Diffing is just one small part of version control. Keeping binary files in version control is the number one step away from messy file-name-based versioning.

Many design studios are forced to use project1.ver1.psd project1.ver2.psd project1.ver3.psd, etc and so on in order to version their files. Single psd files can be on the order of high hundreds of megabytes to low gigabytes for high resolution ready-for-press files.

Not being able to diff the files is not a problem from an organisational point of view. Of course, in an ideal world there would be diffing of large binaries in a way that makes sense, but thinking there's no use in versioning binaries is very short sighted.


This exactly. We keep our game's asset in SVN at the moment only for the convenience of versioning. Artists are still locking files to ensure no conflicts are happening (and therefore no merges are needed).

It's much easier to naively do a repository checkout/update than manually detecting changes (or rolling your own solution using rsync or similar).

Especially when considering the game has over 100Gb of raw assets. SVN, Git or Perforce might not be the best tools for such a task but it works great.
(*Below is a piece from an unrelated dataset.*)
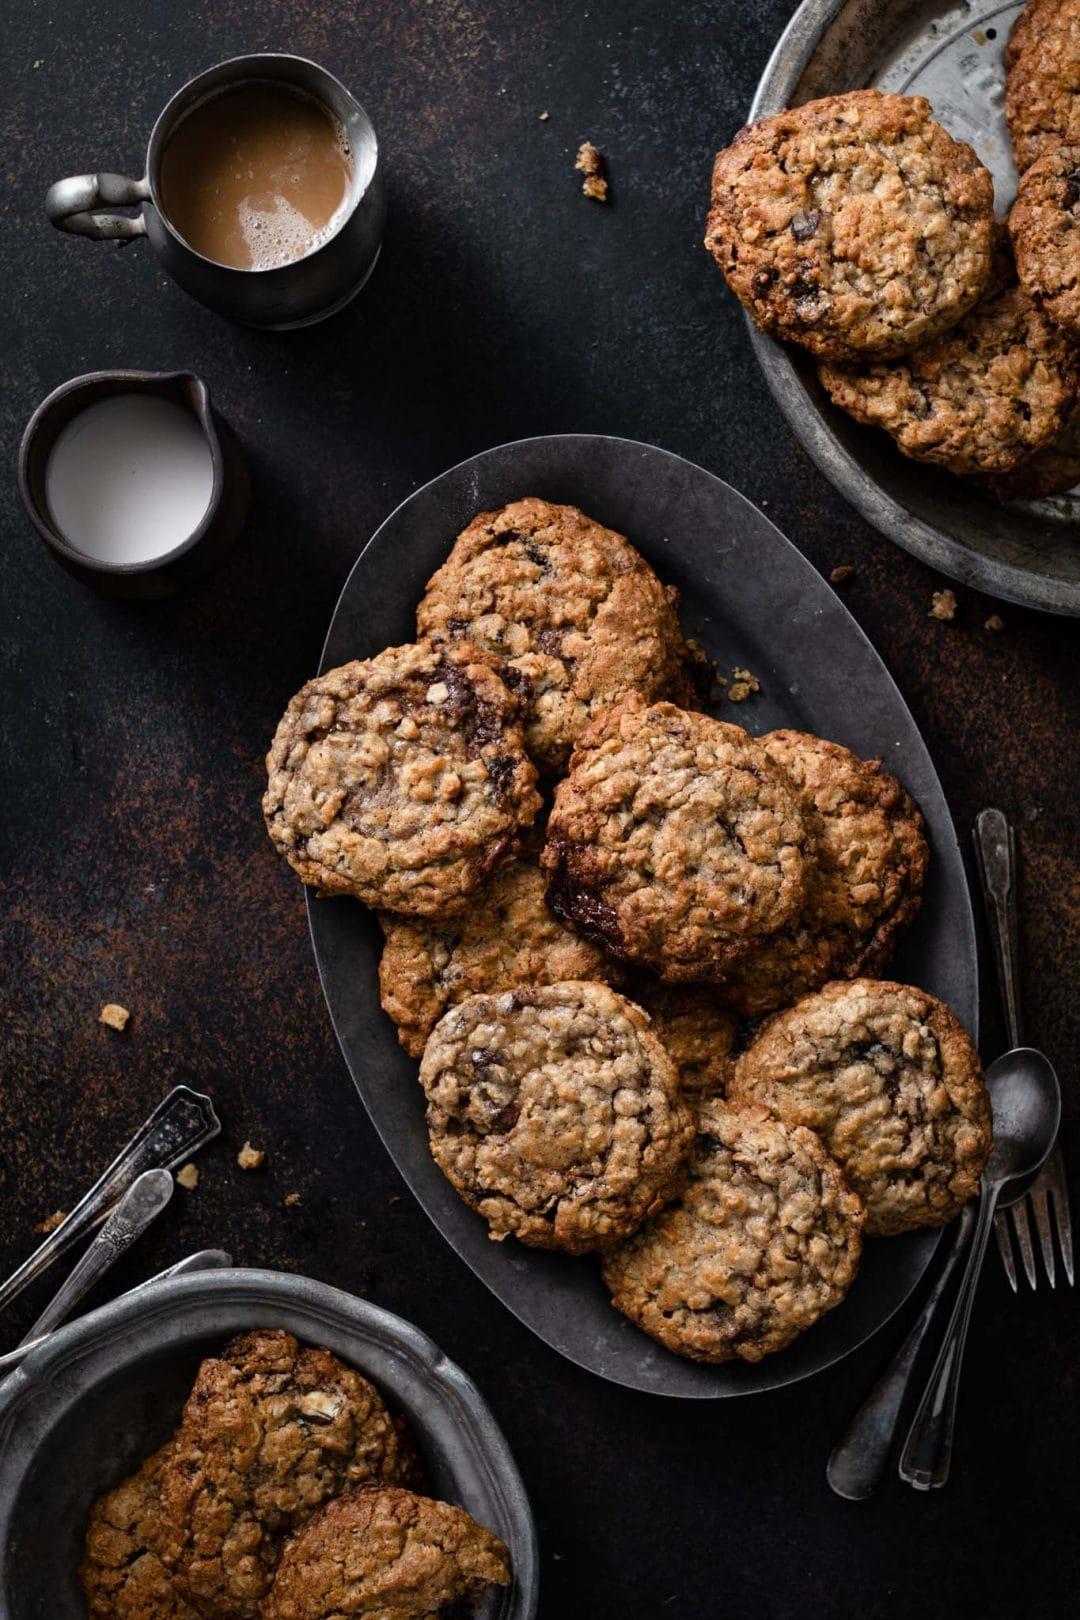 Oatmeal cookies full of chocolate truffles.

You're right that you can't get a diff of a large binary (or even a small one). It's still useful to know when the file changed and who changed it.

For example, imaging you work at a video production company where you have videos on each page of your website. (Let's also imagine that you're not using vimeo or youtube to host them.) You might make a branch of the home page with a different video, and you want to coordinate changes across pages.

git-annex is amazing for this use case, as you don't have to actually have a local copy of videos that you're no longer using.


I keep my photos in git-annex. It means I have a backup of my photos. If I edit one, the old version is still there. I can "fork" the directories and do some experimental stuff, and switch back to the original version if I need to. Git annex, like git, uses content based hashes for names. The content is preserved. I can copy files to/from remote git annex repos. Easy backup and redundancy.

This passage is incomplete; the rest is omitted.